In the movie, as in real life, described by John Lukacs’s splendid book “Five Days in London May 1940” on which the movie is loosely based, Churchill was installed as prime minister because the public would tolerate no one else after the appeasers had made such an obvious muddle of the situation and war had broken out. But Churchill’s war cabinet included several of the most prominent appeasers, most of who despised Churchill one might suppose almost as much as Hitler. At least they could DEAL with Hitler, or so they thought.

They considered Churchill unreasonable because he flat out refused to deal with Hitler. In other words, he thought Hitler was pure evil and incapable of honoring any agreements.  They installed Churchill as prime minister because they believed they could stage manage his downfall by showing him to be unreasonable. And then, having shown him to be unreasonable, to jettison him for someone who could then plausibly sit down to the peace table.

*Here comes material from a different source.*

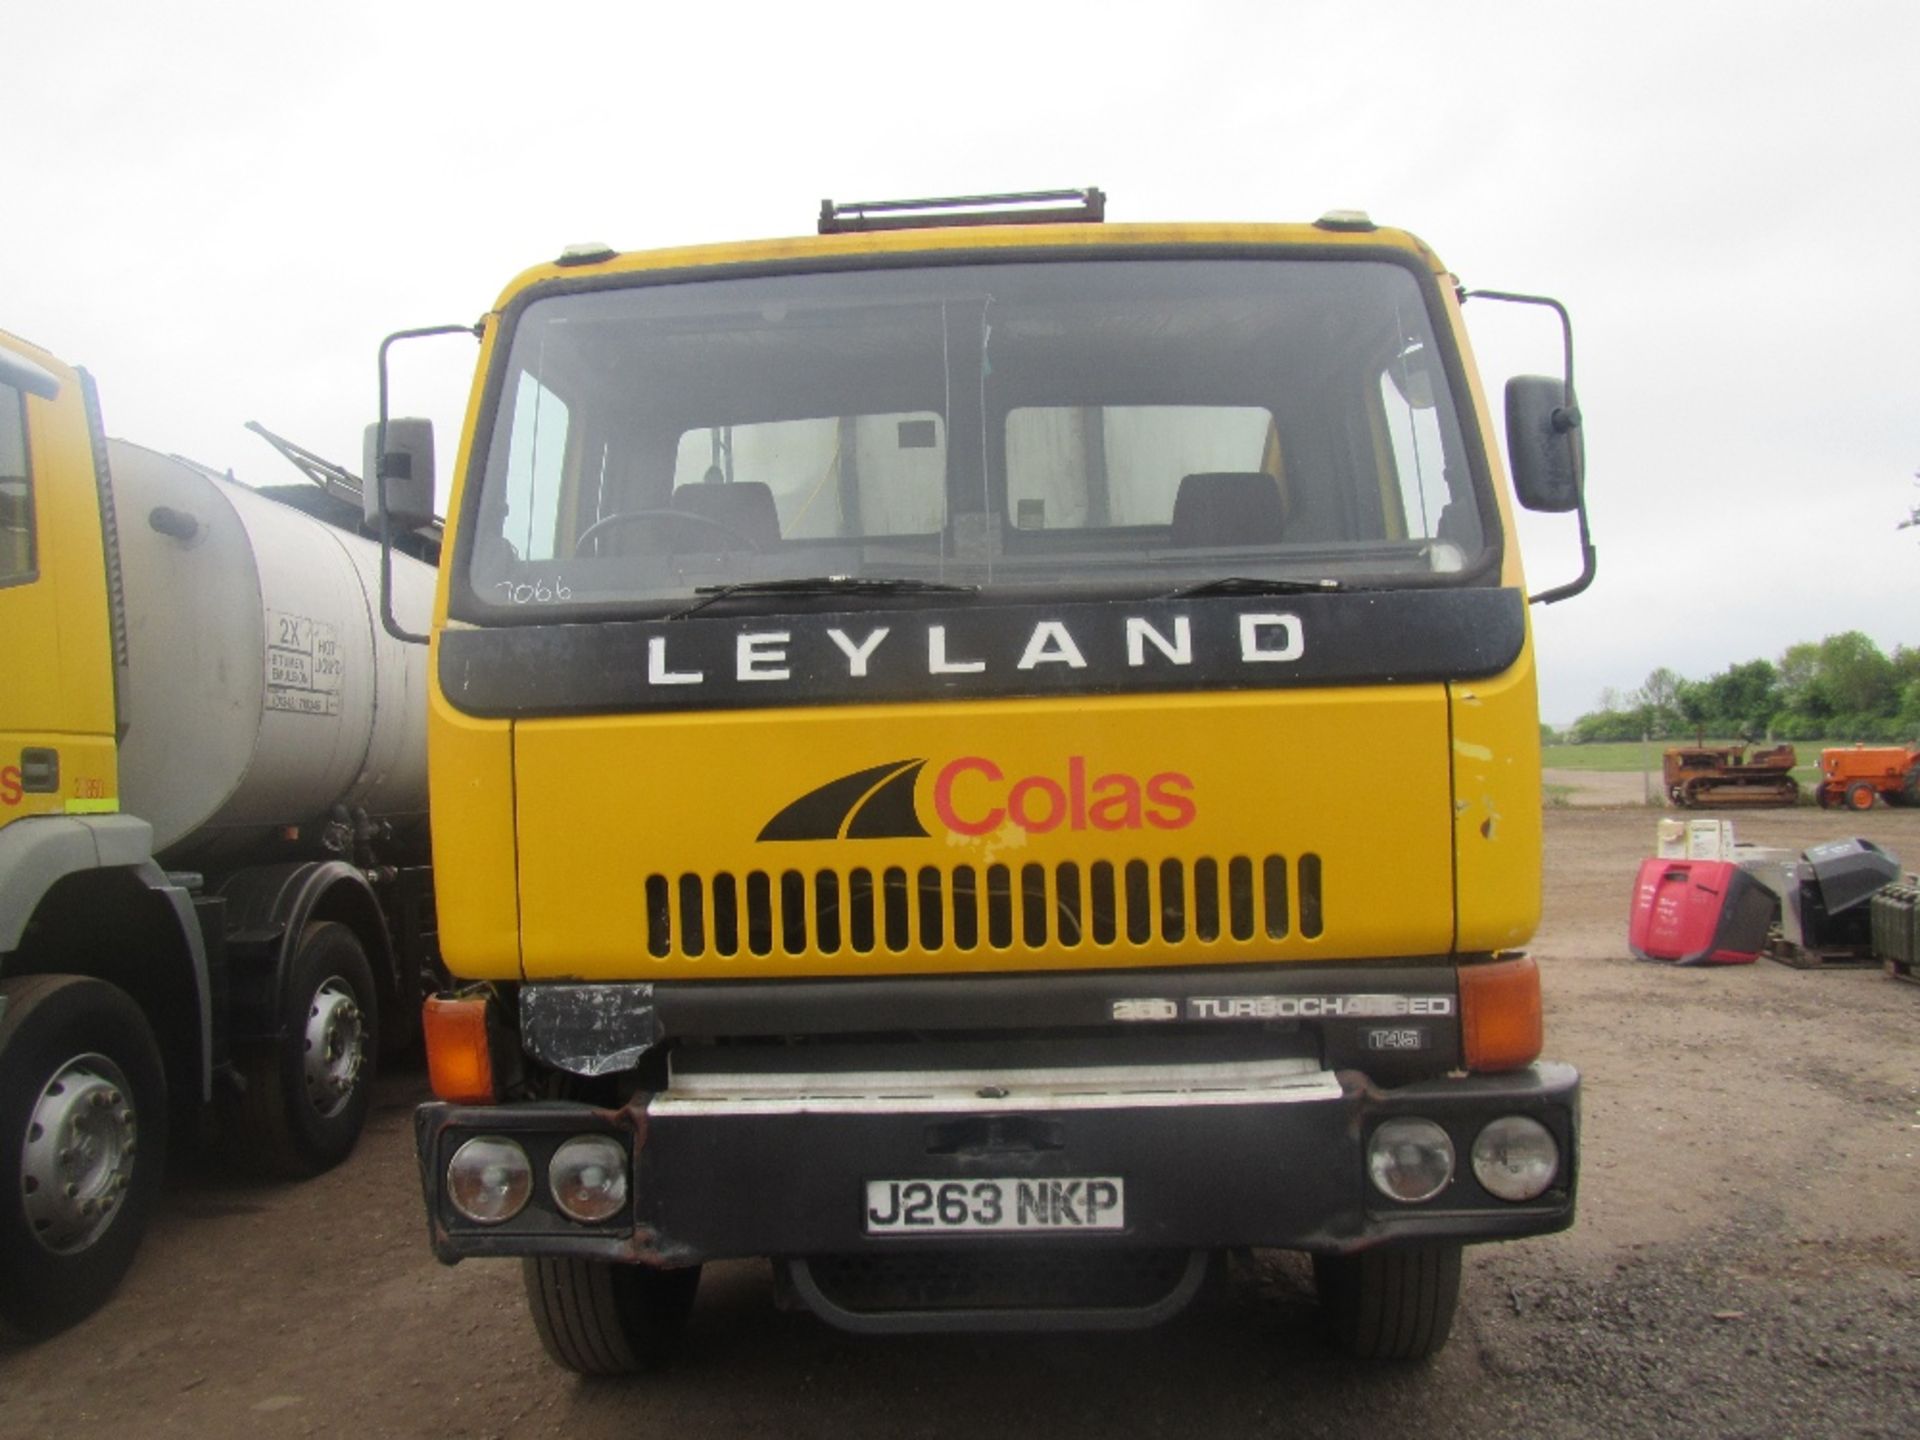 Leyland 8x4 18600 ltr Tar Sprayer c/w bitumen tank, pheonix variable width spray Reg. No. J263 NKP - Image 2 of 8

Frankly, I know few American politicians who would have passed that particular test. In our time, we sometimes encounter pure evil, and just as often our own politicians say that we must never stop negotiating, and that, when evil rears its ugly head, that WE are the real bad guys.

That is what many of Churchill’s contemporaries said about him. That his attitude about refusing to negotiate with Hitler was counterproductive, and would destroy Britain’s chances for peace.

However, Churchill, as portrayed magnificently by the actor Gary Oldman in an Oscar worthy performance, is able to persuade his people that it was far better to defy Hitler—and fight on to ultimate victory than to sit down to supper with him—no matter how long the spoon.

As Churchill put it so eloquently: “You ask what is our policy. It is to wage war, by sea, land and air, with all our might and with all the strength that God can give us; to wage war against a monstrous tyranny, never surpassed in the dark and lamentable catalogue of human crime. That is our policy?”

Can you imagine any modern American politician uttering such words? Obama? Don’t make me laugh. Hillary Clinton? Only if she was talking about Republicans would she paint such a black and white canvass. Bernie Sanders? Elizabeth Warren? And I can’t think of very many Republicans who would joyfully go into battle under such a banner. Possibly John McCain. The rest are arch acommondationists who would sell their future for a few years of peace.

Do see “Darkest Hour,” and admire its great performance by Oldman, and consider whether America, if placed in such a position today, against such an evil, would vow to “fight on the beaches”?

*Note: Opinions expressed by columnists and letter writers are those of the writers and not necessarily those of the newspaper.